__Assignment__. Please restate, word for word, the lines below that begin at the one with "Vienna Zoo Says" and end at the one with "converse all star white leather high tops". Leave out all other lines.

START Records supplied

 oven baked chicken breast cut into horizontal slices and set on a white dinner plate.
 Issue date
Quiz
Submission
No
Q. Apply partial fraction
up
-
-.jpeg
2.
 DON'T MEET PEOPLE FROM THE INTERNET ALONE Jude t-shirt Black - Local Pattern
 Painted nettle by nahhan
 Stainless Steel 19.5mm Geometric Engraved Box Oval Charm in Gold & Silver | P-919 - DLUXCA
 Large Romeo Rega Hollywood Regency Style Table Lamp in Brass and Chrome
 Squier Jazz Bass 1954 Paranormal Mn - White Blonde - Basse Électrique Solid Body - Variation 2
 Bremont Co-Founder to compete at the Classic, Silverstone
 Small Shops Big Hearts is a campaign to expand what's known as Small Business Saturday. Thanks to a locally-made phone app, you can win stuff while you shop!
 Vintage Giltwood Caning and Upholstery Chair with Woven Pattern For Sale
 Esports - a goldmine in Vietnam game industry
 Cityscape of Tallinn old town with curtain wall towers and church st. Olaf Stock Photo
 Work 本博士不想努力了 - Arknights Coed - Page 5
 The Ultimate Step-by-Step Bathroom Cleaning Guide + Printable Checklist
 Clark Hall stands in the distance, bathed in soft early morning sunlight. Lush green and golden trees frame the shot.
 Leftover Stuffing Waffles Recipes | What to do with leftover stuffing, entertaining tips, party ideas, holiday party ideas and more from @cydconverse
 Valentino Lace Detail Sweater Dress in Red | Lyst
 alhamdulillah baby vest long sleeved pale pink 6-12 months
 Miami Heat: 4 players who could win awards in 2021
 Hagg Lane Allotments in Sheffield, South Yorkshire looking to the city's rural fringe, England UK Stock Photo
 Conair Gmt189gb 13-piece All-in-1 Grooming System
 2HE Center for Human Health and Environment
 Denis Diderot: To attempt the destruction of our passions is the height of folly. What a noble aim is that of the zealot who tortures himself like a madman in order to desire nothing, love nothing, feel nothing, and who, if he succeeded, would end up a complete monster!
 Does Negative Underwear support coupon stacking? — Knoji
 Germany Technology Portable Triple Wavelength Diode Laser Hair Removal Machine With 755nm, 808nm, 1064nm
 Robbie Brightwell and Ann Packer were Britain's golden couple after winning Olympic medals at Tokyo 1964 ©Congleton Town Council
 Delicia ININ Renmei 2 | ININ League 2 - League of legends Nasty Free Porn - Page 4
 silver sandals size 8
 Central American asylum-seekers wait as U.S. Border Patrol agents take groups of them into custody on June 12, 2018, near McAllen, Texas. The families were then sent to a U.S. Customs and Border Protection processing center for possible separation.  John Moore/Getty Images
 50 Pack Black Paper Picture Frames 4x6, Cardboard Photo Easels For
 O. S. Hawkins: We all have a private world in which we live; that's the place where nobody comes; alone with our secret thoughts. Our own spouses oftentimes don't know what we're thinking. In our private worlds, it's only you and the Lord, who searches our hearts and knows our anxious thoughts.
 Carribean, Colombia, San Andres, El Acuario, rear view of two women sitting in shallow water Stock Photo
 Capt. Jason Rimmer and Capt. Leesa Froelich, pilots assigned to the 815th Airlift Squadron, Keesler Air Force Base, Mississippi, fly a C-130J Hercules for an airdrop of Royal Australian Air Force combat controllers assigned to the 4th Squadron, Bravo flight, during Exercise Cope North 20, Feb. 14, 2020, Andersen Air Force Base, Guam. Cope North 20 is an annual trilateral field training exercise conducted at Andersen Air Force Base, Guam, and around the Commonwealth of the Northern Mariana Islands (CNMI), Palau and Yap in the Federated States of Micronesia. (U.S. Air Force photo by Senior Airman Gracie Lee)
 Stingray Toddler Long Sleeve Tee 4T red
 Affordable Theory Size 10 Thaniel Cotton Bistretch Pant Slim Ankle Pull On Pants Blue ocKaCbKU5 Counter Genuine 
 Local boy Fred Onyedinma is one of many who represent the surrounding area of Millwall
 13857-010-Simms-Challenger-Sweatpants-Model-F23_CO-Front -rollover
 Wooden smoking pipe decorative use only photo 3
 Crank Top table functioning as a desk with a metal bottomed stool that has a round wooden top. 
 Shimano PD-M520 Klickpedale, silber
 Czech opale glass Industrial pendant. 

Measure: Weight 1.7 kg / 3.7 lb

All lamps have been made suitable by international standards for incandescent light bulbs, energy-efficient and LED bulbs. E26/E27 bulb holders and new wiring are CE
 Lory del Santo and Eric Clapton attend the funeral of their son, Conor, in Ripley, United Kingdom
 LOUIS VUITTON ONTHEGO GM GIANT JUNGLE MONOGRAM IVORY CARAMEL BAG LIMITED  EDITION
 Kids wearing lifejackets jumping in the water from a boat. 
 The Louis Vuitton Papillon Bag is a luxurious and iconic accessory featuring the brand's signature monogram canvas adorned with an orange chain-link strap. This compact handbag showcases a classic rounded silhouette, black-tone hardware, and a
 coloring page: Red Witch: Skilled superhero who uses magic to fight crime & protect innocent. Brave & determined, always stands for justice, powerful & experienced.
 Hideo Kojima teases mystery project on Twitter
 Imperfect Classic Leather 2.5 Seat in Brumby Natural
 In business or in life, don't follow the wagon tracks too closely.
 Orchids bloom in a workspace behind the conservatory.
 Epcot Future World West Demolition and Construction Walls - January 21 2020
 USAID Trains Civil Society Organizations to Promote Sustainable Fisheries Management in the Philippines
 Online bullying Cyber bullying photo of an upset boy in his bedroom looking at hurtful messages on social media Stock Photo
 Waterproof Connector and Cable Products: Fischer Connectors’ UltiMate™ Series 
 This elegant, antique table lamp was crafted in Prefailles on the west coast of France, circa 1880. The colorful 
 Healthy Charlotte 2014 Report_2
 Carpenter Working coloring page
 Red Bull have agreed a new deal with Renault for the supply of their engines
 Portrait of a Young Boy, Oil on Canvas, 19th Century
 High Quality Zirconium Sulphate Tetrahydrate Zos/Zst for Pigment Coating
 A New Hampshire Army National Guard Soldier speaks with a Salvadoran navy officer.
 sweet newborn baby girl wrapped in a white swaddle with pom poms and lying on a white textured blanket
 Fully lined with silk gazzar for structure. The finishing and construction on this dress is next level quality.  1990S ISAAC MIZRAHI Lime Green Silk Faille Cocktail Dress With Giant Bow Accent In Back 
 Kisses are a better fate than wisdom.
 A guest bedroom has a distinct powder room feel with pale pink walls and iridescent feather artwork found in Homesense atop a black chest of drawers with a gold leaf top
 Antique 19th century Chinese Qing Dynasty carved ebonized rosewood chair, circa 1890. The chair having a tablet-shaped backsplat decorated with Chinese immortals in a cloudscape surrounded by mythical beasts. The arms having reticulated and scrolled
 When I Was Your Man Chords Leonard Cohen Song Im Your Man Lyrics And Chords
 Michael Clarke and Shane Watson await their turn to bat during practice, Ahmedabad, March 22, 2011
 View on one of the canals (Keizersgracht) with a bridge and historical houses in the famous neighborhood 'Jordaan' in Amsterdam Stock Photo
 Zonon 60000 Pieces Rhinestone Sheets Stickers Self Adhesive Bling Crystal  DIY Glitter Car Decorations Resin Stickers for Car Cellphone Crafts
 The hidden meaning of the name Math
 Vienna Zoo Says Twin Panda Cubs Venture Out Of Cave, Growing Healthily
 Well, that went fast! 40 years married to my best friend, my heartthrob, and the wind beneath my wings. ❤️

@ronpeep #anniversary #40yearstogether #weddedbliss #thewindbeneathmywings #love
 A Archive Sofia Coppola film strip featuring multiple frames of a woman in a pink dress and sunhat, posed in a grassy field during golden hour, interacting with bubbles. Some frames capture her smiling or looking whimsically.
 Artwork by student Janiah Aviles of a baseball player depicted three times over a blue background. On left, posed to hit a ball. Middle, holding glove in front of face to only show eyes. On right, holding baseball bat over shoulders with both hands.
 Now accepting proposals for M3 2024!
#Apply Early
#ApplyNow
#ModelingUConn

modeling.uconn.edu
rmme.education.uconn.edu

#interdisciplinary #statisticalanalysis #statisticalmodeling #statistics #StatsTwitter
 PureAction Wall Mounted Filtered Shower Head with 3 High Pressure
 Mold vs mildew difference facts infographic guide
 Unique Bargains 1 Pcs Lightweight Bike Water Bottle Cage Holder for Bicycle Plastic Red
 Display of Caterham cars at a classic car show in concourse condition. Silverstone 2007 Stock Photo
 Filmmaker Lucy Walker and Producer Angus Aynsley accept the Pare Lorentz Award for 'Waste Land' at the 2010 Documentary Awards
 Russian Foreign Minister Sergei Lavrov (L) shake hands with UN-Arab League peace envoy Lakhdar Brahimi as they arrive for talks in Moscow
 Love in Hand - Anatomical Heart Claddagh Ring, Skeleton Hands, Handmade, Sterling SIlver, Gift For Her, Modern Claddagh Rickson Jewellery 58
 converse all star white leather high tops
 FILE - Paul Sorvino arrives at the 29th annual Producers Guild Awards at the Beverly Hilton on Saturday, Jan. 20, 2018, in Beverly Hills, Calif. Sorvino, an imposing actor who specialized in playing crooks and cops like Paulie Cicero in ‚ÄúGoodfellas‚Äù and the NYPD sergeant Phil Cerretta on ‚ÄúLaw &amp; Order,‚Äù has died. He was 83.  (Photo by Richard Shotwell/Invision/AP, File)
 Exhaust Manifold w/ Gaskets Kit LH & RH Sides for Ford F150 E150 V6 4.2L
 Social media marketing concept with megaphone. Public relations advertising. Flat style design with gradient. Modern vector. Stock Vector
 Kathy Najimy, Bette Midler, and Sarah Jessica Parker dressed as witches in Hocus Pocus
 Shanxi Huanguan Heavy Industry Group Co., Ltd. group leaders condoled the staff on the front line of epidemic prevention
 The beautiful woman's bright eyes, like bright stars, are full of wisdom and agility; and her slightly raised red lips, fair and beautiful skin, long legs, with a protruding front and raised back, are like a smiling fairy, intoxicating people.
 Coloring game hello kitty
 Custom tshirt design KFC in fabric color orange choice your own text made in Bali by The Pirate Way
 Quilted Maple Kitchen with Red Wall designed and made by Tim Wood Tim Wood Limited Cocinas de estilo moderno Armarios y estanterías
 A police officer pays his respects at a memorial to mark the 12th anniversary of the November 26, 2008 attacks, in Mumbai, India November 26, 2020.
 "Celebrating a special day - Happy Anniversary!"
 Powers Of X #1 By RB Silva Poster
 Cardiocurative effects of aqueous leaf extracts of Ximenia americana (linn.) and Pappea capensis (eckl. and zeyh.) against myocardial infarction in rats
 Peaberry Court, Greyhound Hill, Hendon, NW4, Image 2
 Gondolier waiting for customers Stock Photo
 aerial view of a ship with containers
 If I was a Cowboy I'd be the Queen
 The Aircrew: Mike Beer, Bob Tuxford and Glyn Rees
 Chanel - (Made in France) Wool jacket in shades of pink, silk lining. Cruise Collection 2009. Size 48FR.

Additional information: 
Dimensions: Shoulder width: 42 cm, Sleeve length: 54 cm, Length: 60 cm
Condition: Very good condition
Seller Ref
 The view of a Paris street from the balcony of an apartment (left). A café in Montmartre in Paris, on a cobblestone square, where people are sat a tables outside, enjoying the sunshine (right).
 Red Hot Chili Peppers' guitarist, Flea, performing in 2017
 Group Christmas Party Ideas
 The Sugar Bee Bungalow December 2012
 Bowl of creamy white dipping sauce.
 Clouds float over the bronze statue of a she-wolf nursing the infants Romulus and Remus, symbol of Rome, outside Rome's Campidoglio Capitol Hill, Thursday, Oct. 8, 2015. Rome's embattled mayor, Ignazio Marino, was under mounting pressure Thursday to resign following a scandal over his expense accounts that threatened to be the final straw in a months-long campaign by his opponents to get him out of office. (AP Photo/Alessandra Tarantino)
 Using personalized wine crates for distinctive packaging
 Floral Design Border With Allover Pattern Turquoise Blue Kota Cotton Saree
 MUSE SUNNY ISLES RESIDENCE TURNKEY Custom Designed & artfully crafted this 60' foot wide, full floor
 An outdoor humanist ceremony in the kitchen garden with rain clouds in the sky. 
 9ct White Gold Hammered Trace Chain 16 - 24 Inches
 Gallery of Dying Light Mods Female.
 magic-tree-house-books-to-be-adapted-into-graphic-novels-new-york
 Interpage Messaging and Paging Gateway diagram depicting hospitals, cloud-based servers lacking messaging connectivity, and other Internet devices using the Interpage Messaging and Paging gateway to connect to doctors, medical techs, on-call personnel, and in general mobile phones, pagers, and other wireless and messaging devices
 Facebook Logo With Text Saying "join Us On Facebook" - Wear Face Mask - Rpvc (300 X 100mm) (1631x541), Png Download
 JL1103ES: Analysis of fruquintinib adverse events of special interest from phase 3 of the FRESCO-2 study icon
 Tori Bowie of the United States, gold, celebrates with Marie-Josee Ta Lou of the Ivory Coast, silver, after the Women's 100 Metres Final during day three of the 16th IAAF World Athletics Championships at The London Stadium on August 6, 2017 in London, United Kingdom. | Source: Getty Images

END Records supplied

__Answer below__.
 Vienna Zoo Says Twin Panda Cubs Venture Out Of Cave, Growing Healthily
 Well, that went fast! 40 years married to my best friend, my heartthrob, and the wind beneath my wings. ❤️

@ronpeep #anniversary #40yearstogether #weddedbliss #thewindbeneathmywings #love
 A Archive Sofia Coppola film strip featuring multiple frames of a woman in a pink dress and sunhat, posed in a grassy field during golden hour, interacting with bubbles. Some frames capture her smiling or looking whimsically.
 Artwork by student Janiah Aviles of a baseball player depicted three times over a blue background. On left, posed to hit a ball. Middle, holding glove in front of face to only show eyes. On right, holding baseball bat over shoulders with both hands.
 Now accepting proposals for M3 2024!
#Apply Early
#ApplyNow
#ModelingUConn

modeling.uconn.edu
rmme.education.uconn.edu

#interdisciplinary #statisticalanalysis #statisticalmodeling #statistics #StatsTwitter
 PureAction Wall Mounted Filtered Shower Head with 3 High Pressure
 Mold vs mildew difference facts infographic guide
 Unique Bargains 1 Pcs Lightweight Bike Water Bottle Cage Holder for Bicycle Plastic Red
 Display of Caterham cars at a classic car show in concourse condition. Silverstone 2007 Stock Photo
 Filmmaker Lucy Walker and Producer Angus Aynsley accept the Pare Lorentz Award for 'Waste Land' at the 2010 Documentary Awards
 Russian Foreign Minister Sergei Lavrov (L) shake hands with UN-Arab League peace envoy Lakhdar Brahimi as they arrive for talks in Moscow
 Love in Hand - Anatomical Heart Claddagh Ring, Skeleton Hands, Handmade, Sterling SIlver, Gift For Her, Modern Claddagh Rickson Jewellery 58
 converse all star white leather high tops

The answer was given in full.